Paul also speaks fairly sternly about the use of the gift of prophecy, indicating that what he has said about the proper control of prophetic speech comes from the Lord: “If any one thinks he is a prophet, or spiritual, he should acknowledge that what I am writing to you is a command of the Lord. If any one does not recognize this, he is not recognized” (14:37-38). Thus even prophets and “the spiritual” are under the authority of the Church.

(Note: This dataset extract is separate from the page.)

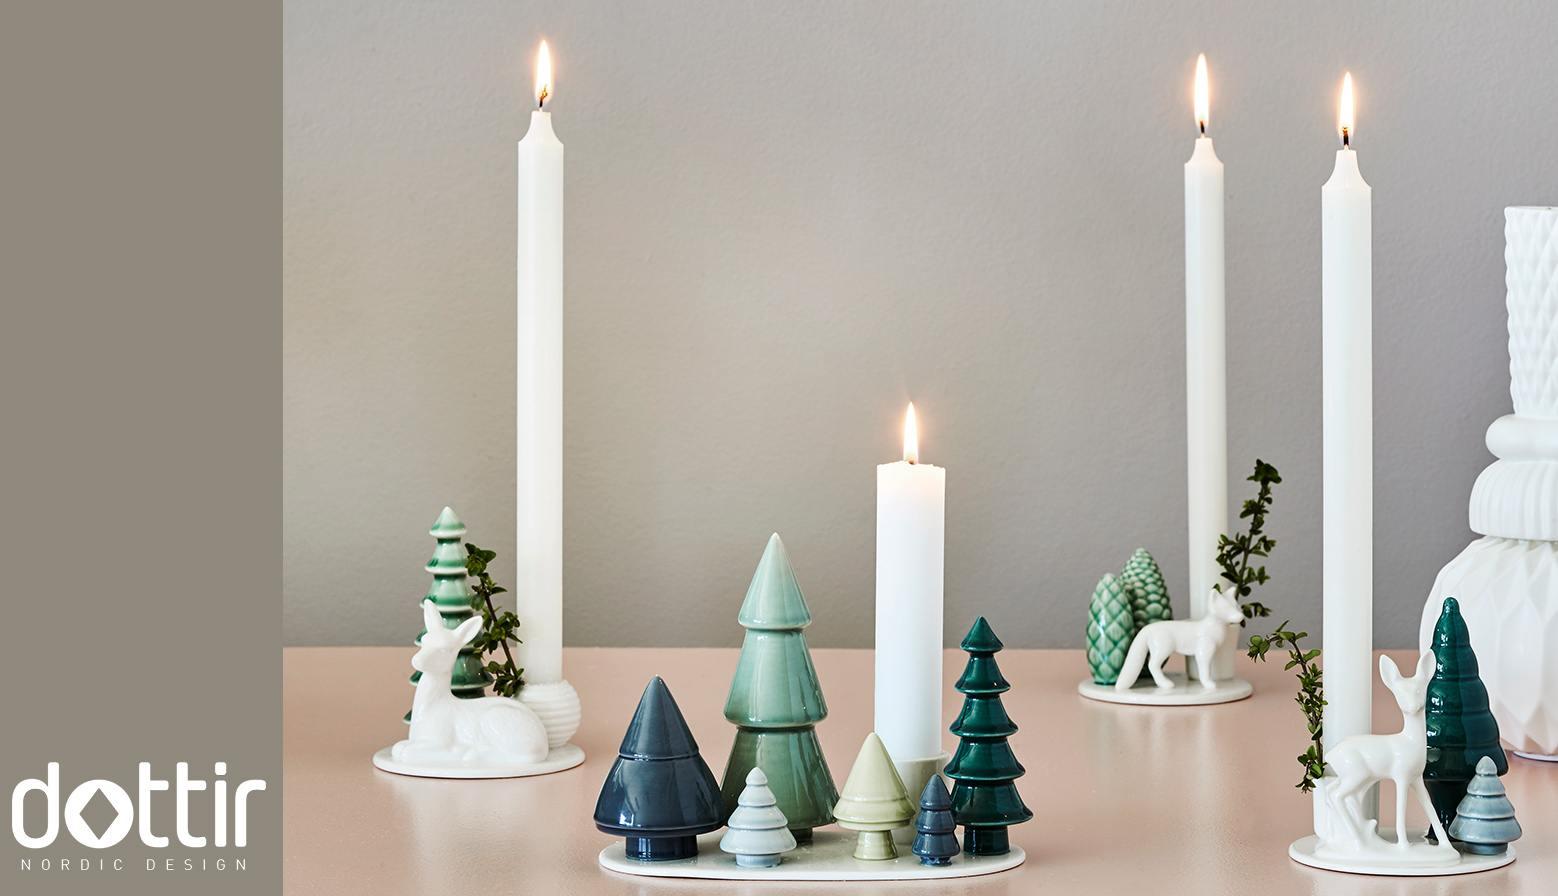 dottir nordic design winterstories wunderschoen-gemacht

In another sense, the greatest spiritual gift is the Resurrection of Christ, in that all who die in Christ will also experience the resurrection of their own bodies. Chapter 15 deals with the controversy that was apparently raging through Corinth concerning resurrection of the dead. It is in this chapter that Paul proclaims that if Christ has not been raised from the dead, then “your faith is futile and you are still in your sins”. Moreover:
Then those also who have fallen asleep in Christ have perished. If for this life only we have hoped in Christ, we are of all men most to be pitied. But in fact Christ has been raised from the dead, the first fruits of those who have fallen asleep. For as by a man came death, by a man has come also the resurrection of the dead. For as in Adam all die, so also in Christ shall all be made alive. [15:20-22]
He concludes the chapter with a beautiful reflection on our risen bodies:
Behold! I tell you a mystery. We shall not all sleep, but we shall all be changed, in a moment, in the twinkling of an eye, at the last trumpet. For the trumpet will sound, and the dead will be raised imperishable, and we shall be changed…. Therefore, my beloved brethren, be steadfast, immovable, always abounding in the work of the Lord, knowing that in the Lord your labor is not in vain. [15:51-58, but read the entire chapter]
Reflecting on these spiritual realities after all Paul has told the Corinthians about their shortcomings as worldly Christians, it is no wonder that he exclaims:
If the dead are not raised, “Let us eat and drink, for tomorrow we die.” Do not be deceived: “Bad company ruins good morals.” Come to your right mind, and sin no more. For some have no knowledge of God. I say this to your shame. [15:32-34]
As I mentioned at the outset, all parts of the letter are connected to Paul’s purpose of saying what the Catholic community in Corinth needs to hear: Instead of taking pride in their particular party lines and affiliations and religious practices, they must get over themselves and their worldly sins. As I put it in the introduction, they need to spiritually grow up. The letter concludes, as Paul’s letters often do, with a comment about contributions for other churches, his travel plans, and his final exhortation and greetings. But the central message is one that all of us—including all of us who are proud of our affiliations in the culture wars and the Church wars—need to hear, and to hear again.